А когда распрямился, встретил нежный и зовущий взгляд Мари Голицыной. Глаза у Мари прежние, с поволокой. Жемчужно-пепельные — так он определил их цвет ещё во Флоренции. И вспомнилось, как она закрывает их под поцелуями.

   — Ах, да вы старые знакомцы! — Головкина не без насмешки оглядела парочку и обернулась к барону: — Что я вижу! Опять на столе у вас, сударь, целый телёнок! Да разве при вашей комплекции можно сие позволить?

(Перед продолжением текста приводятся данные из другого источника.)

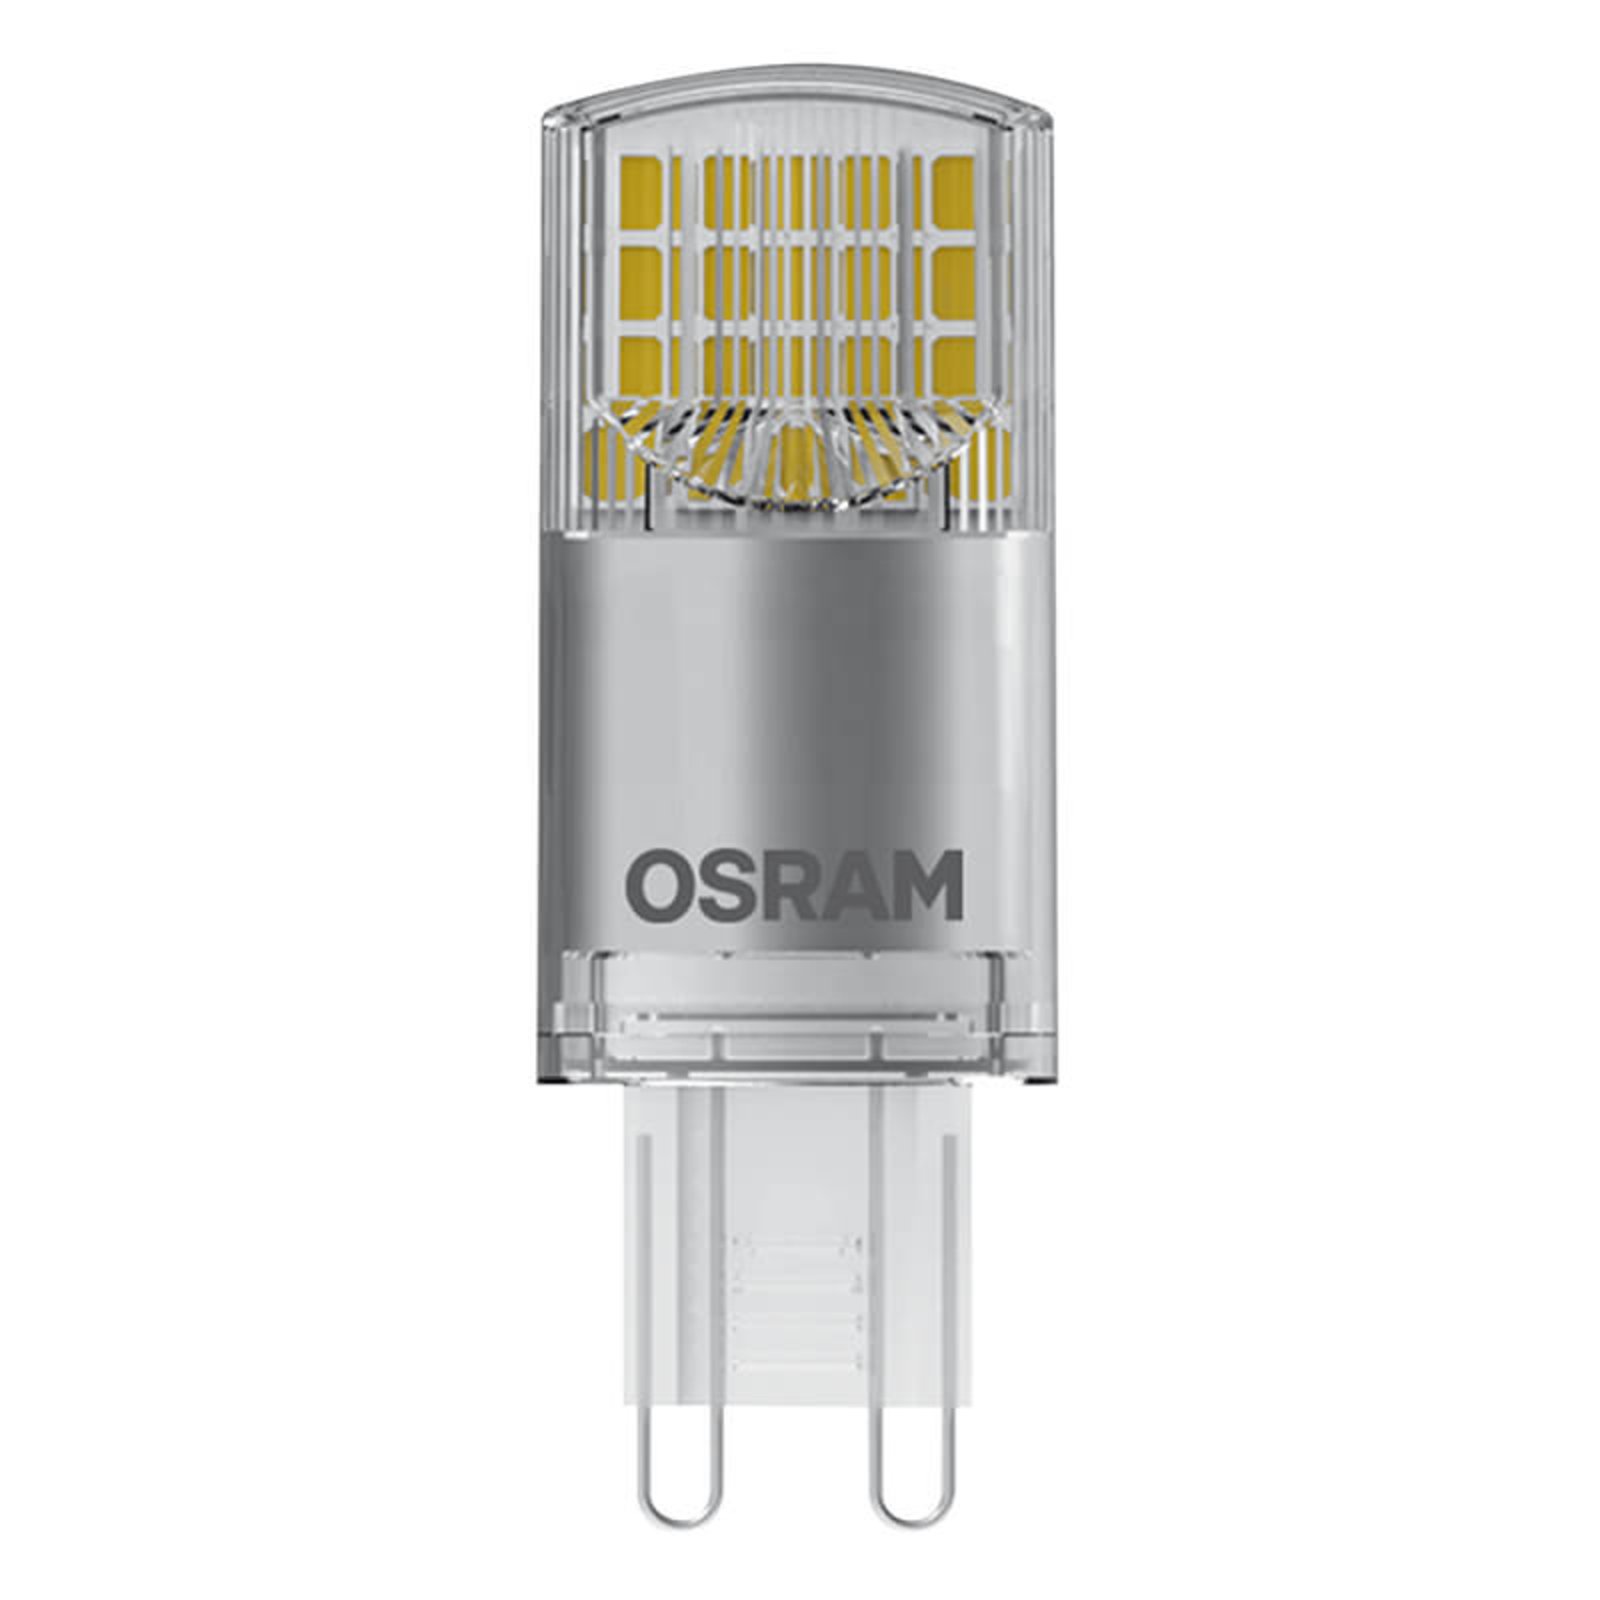 OSRAM LED-stiftpære G9 3,8 W, varmhvit, 470 lm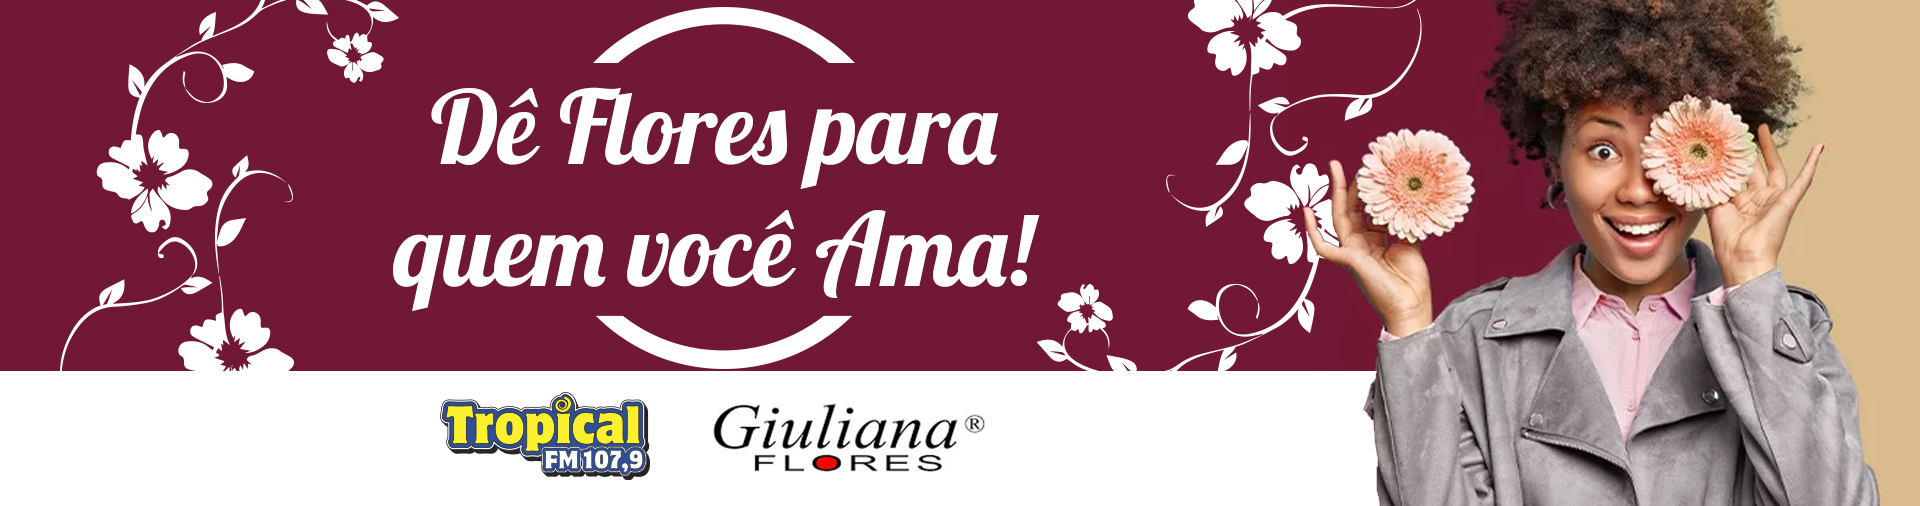 Banner Entrega de Flores da Tropical e da Giuliana Flores

Катиш без стеснения, как бы желая показать, что в этой компании все свои, похлопала барона по округлому, крепкому ещё брюшку. Впрочем, кто-кто, а она сию вольность могла себе и позволить — ведь они с бароном были даже помолвлены. Правда, у Катиш Головкиной имелся ещё один женишок на примете — сам генерал-прокурор Пашка Ягужинский. Да токмо жаль, оный славный амантёр пока ещё женат. Хотя сему горю можно и помочь — развод-то на что дан!

   — Ну веди, показывай нам храм Мельпомены! — приказала Головкина властно — то ли как будущая жена, то ли как лицо, близкое к генерал-прокурору.

   — Прошу! — Строганов повёл своих гостей через картинную галерею, где Никита меж портретами французской школы нежданно увидел и тот флорентийский портрет Мари Голицыной.

   — Как он сюда попал? — вырвалось у Никиты.

   — Да всё бывший муженёк Мари, Бутурлин. Проиграл нашему барону в карты женин портрет! Хорошо саму жёнку не проиграл, вовремя его бросила! — желчно ответствовала за Мари Катиш Головкина, и Никита подумал, что, пожалуй, не зря её прозвали при дворе «петербургской осой».

А барон тащил их уже через какие-то совсем старомосковские светёлки и горницы, где при их появлении девушки-кружевницы прекращали пение, вскакивали и кланялись господам.

   — Да сколько же у тебя девок, барон? — Катиш задорно подтолкнула своего суженого. — Никак, за сотню? И все такие красавицы. Гарем, яко у султана турецкого!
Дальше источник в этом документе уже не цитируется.